[[ DATASET EXCERPT open ]]
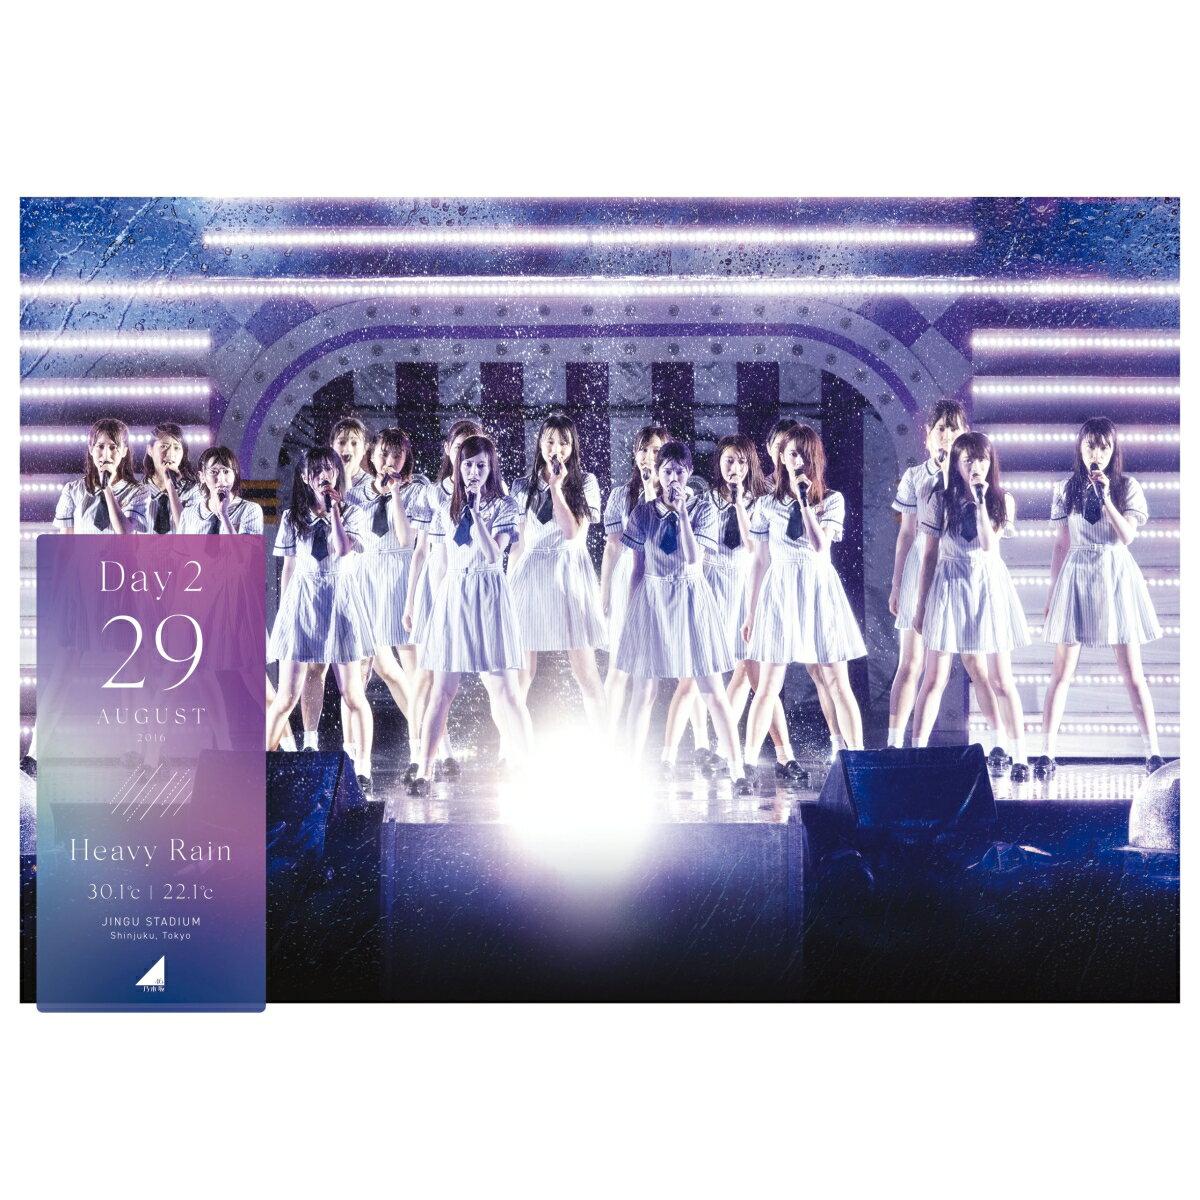 乃木坂46 4th YEAR BIRTHDAY LIVE 2016.8.28-30 JINGU STADIUM Day2 [ 乃木坂46 ]
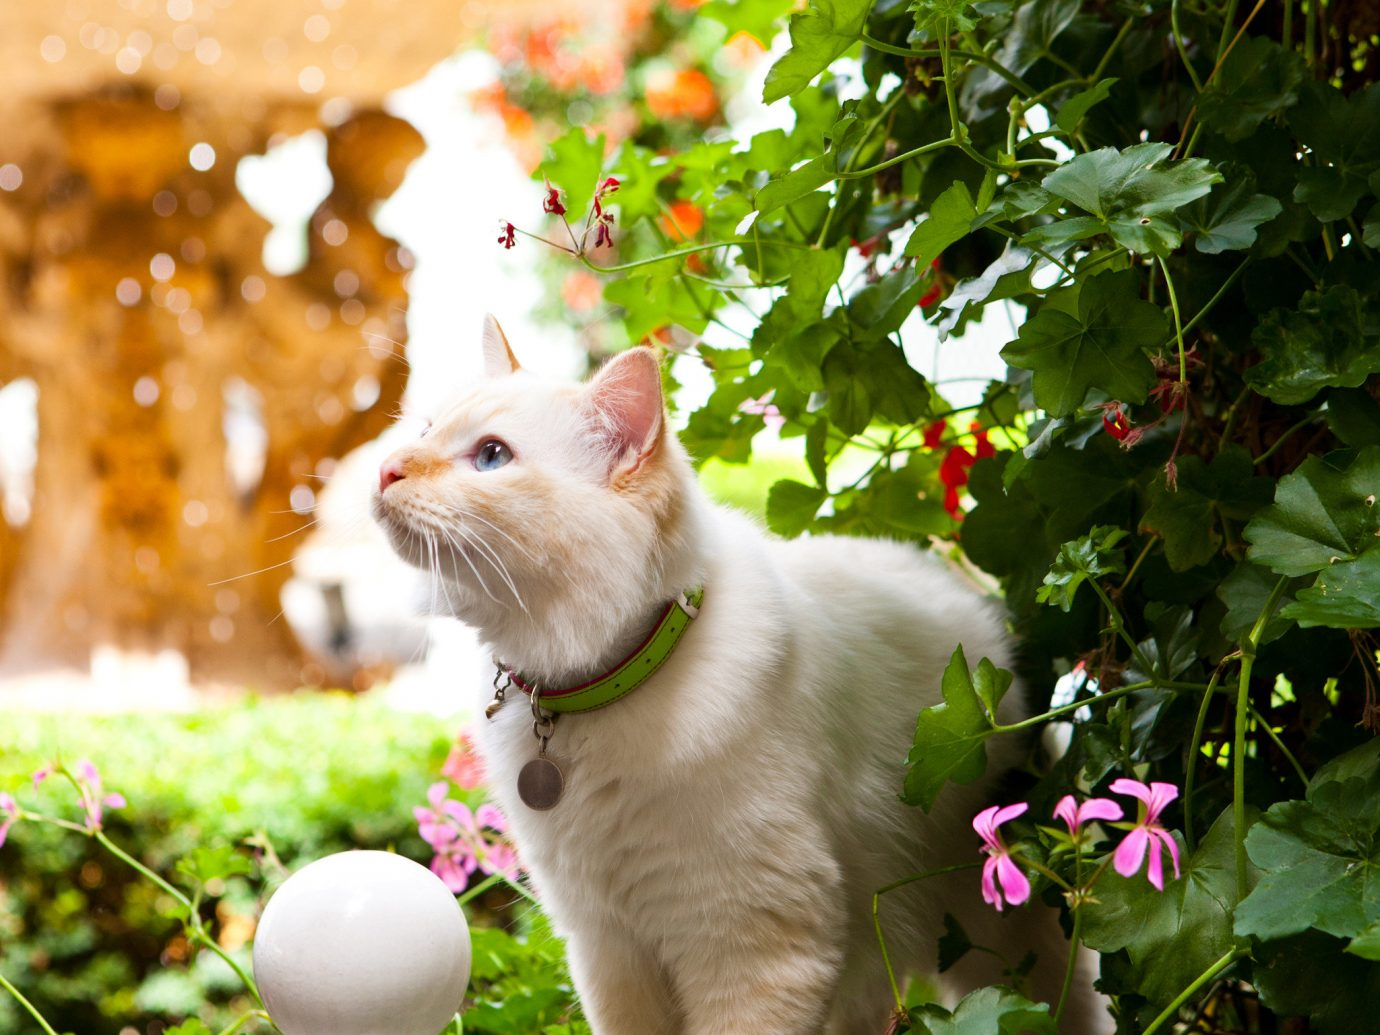 Offbeat tree flower cat mammal plant outdoor Garden white domestic cat
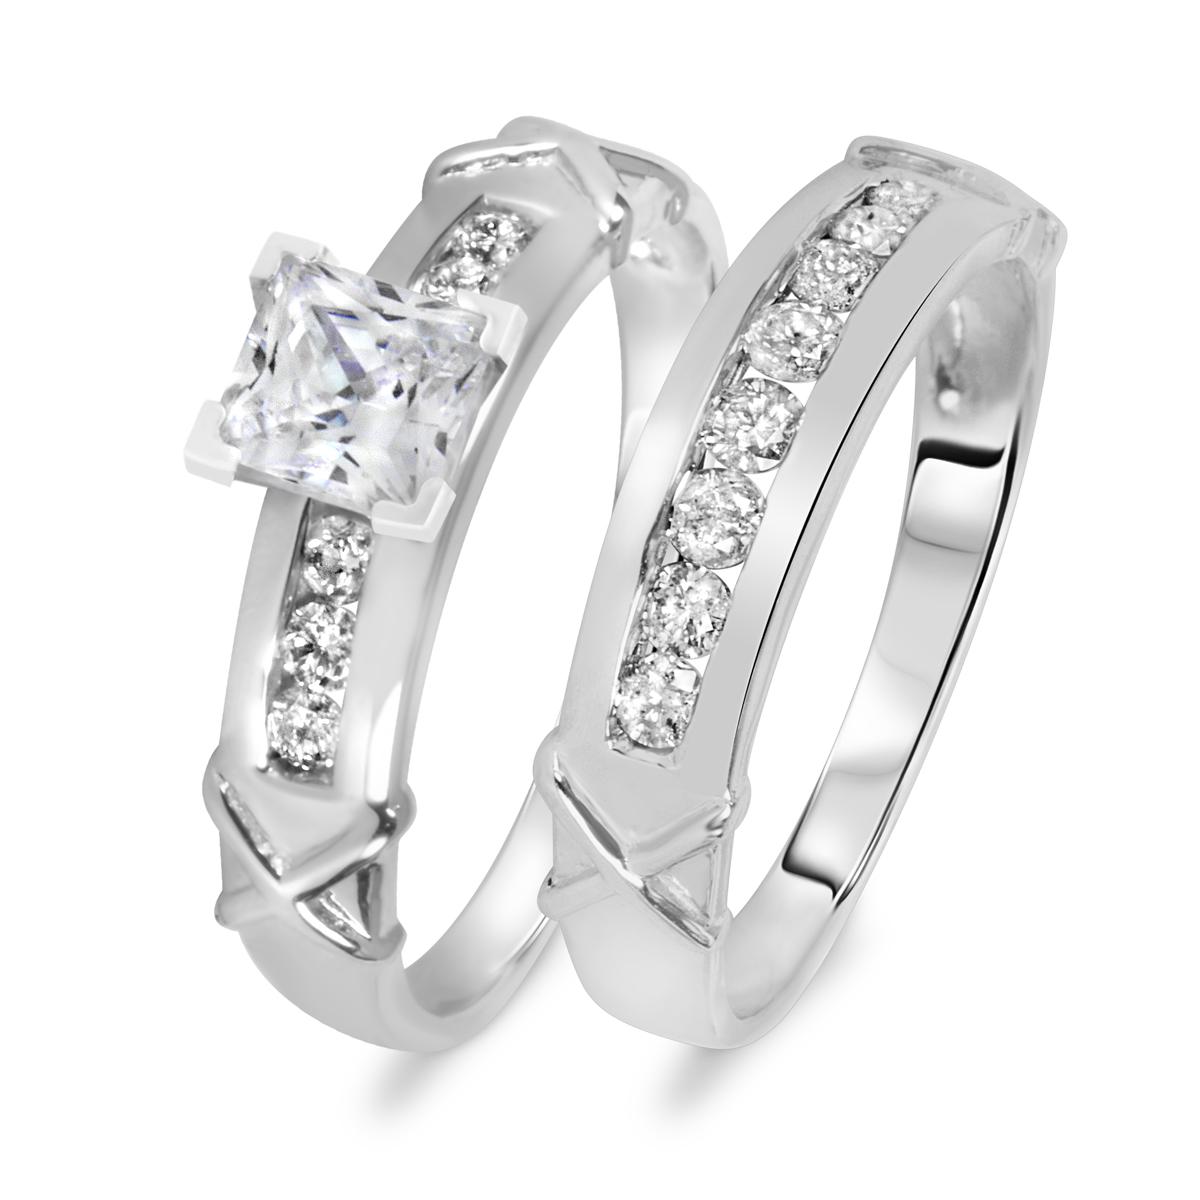 1 1/5 CT. T.W. Diamond Women's Bridal Wedding Ring Set 14K White Gold
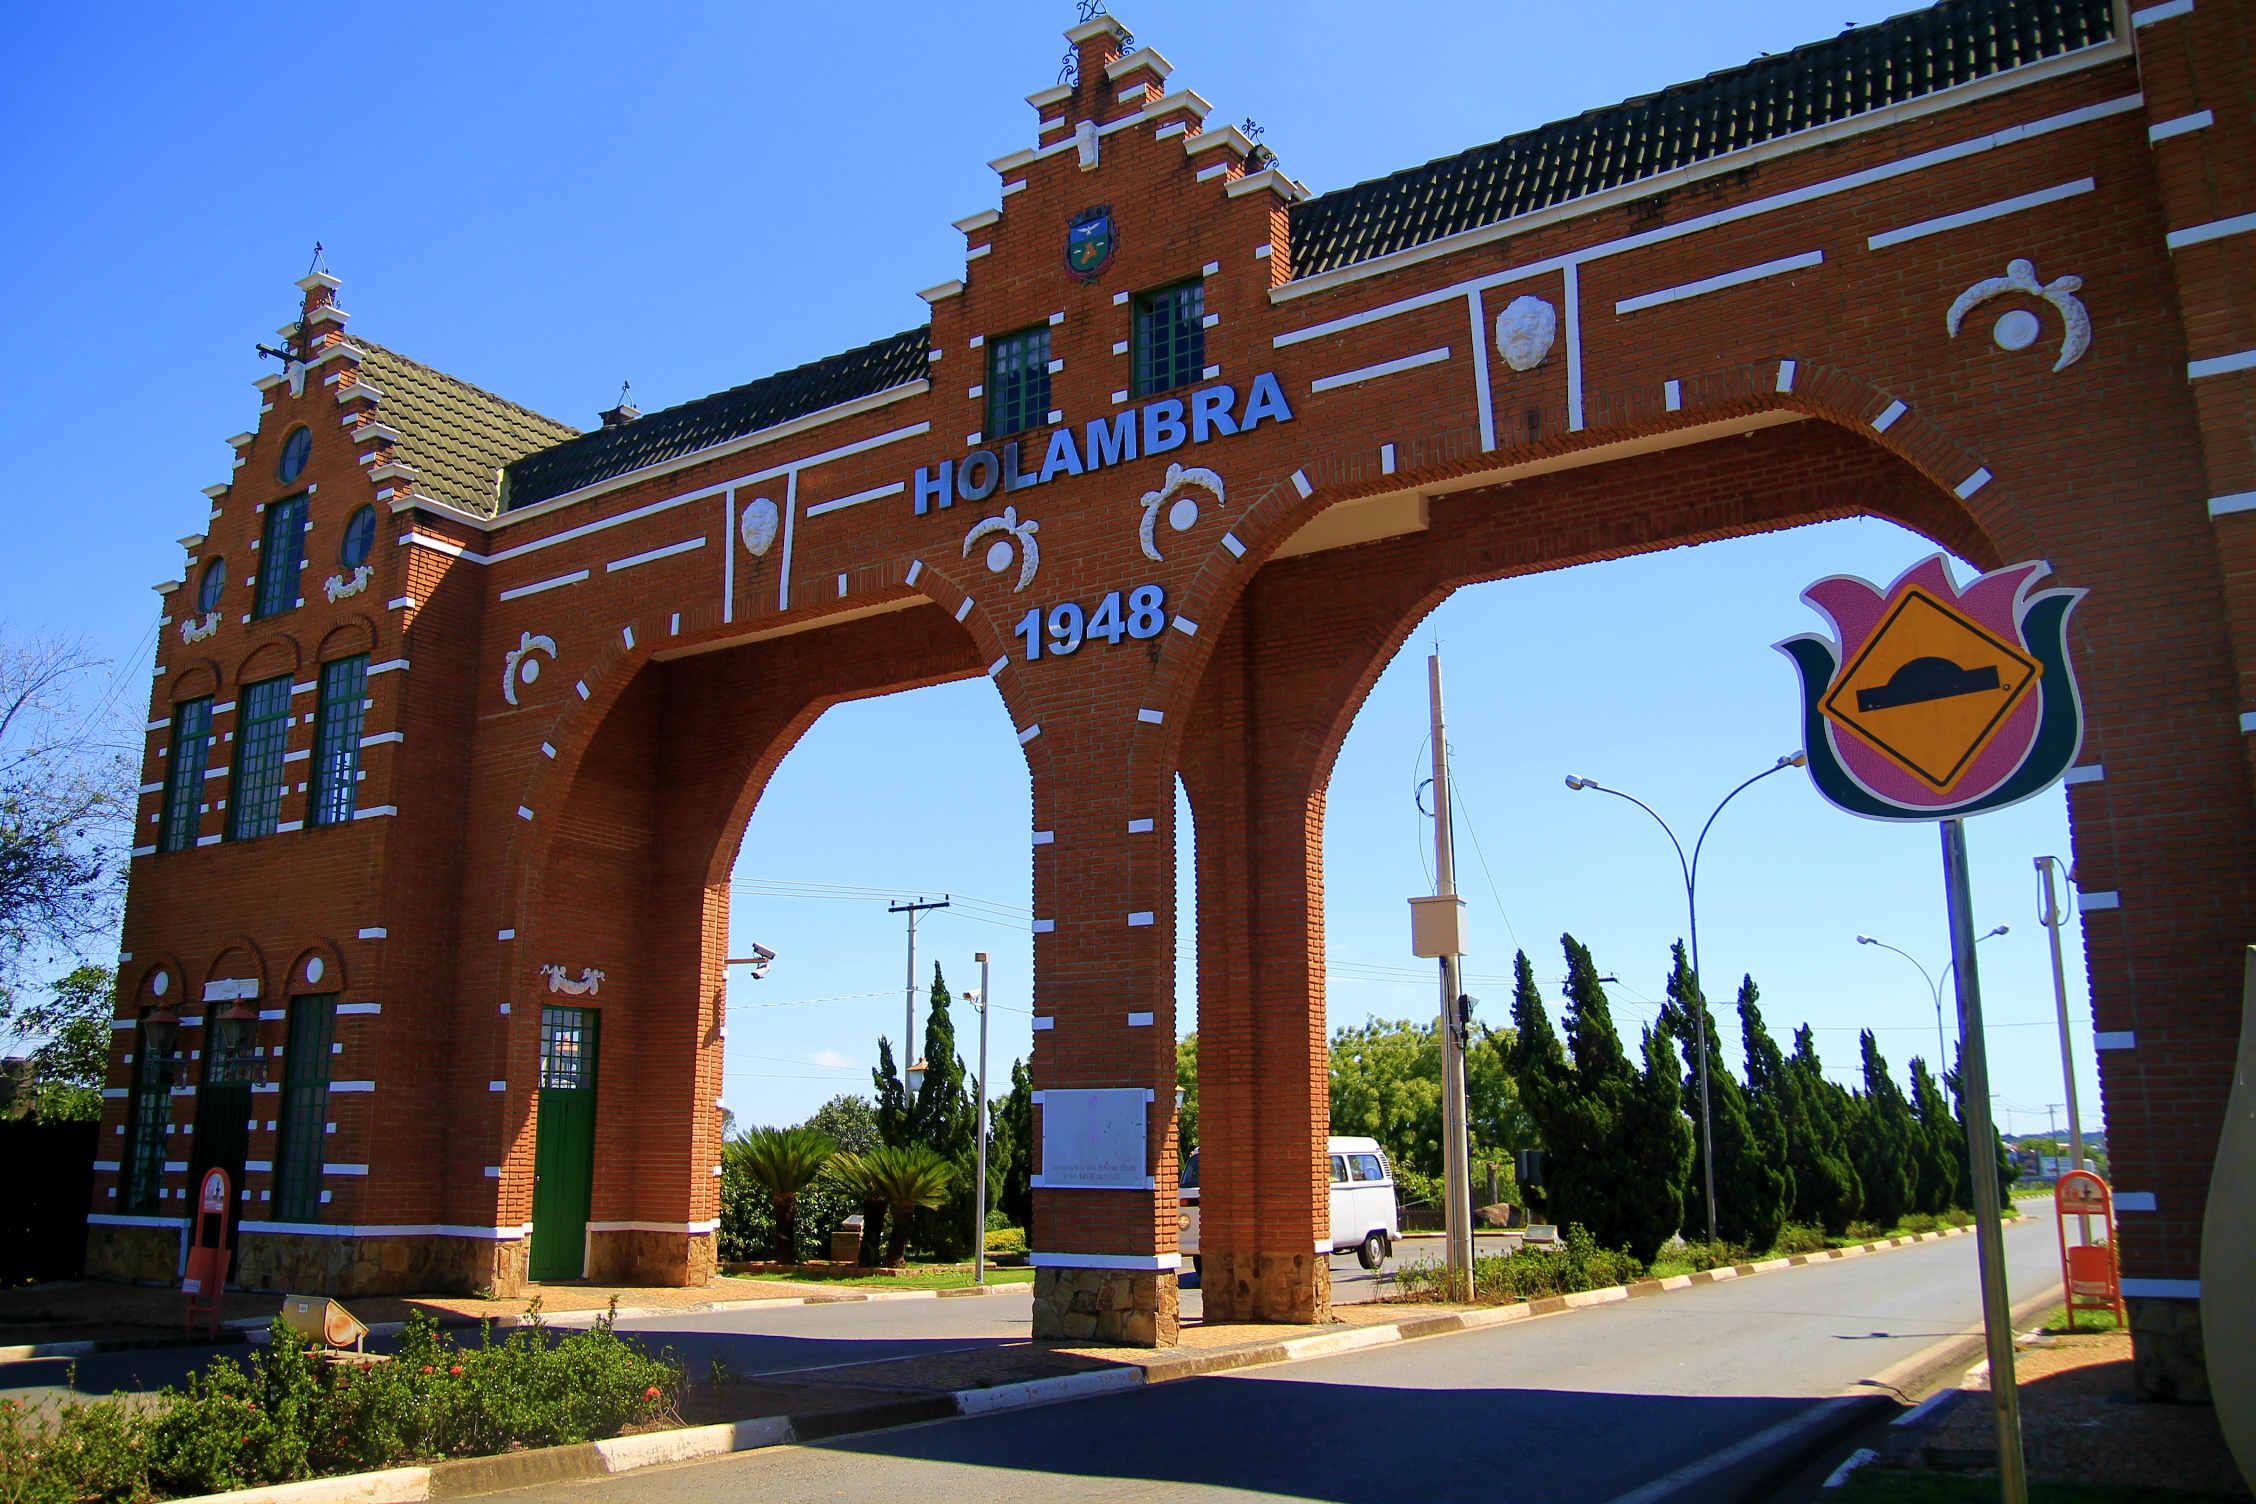 Portal de Holambra, cidade que se tornou colônia holandesa após a Segunda Guerra Mundial (Foto: Thaís Sabino)
[[ DATASET EXCERPT closed ]]
**WHAT TO PRODUCE**. The data above must be copied exactly. Leave out the pictures.

**OUTPUT FOR THIS EXERCISE**.
 乃木坂46 4th YEAR BIRTHDAY LIVE 2016.8.28-30 JINGU STADIUM Day2 [ 乃木坂46 ]
 Offbeat tree flower cat mammal plant outdoor Garden white domestic cat
 1 1/5 CT. T.W. Diamond Women's Bridal Wedding Ring Set 14K White Gold
 Portal de Holambra, cidade que se tornou colônia holandesa após a Segunda Guerra Mundial (Foto: Thaís Sabino)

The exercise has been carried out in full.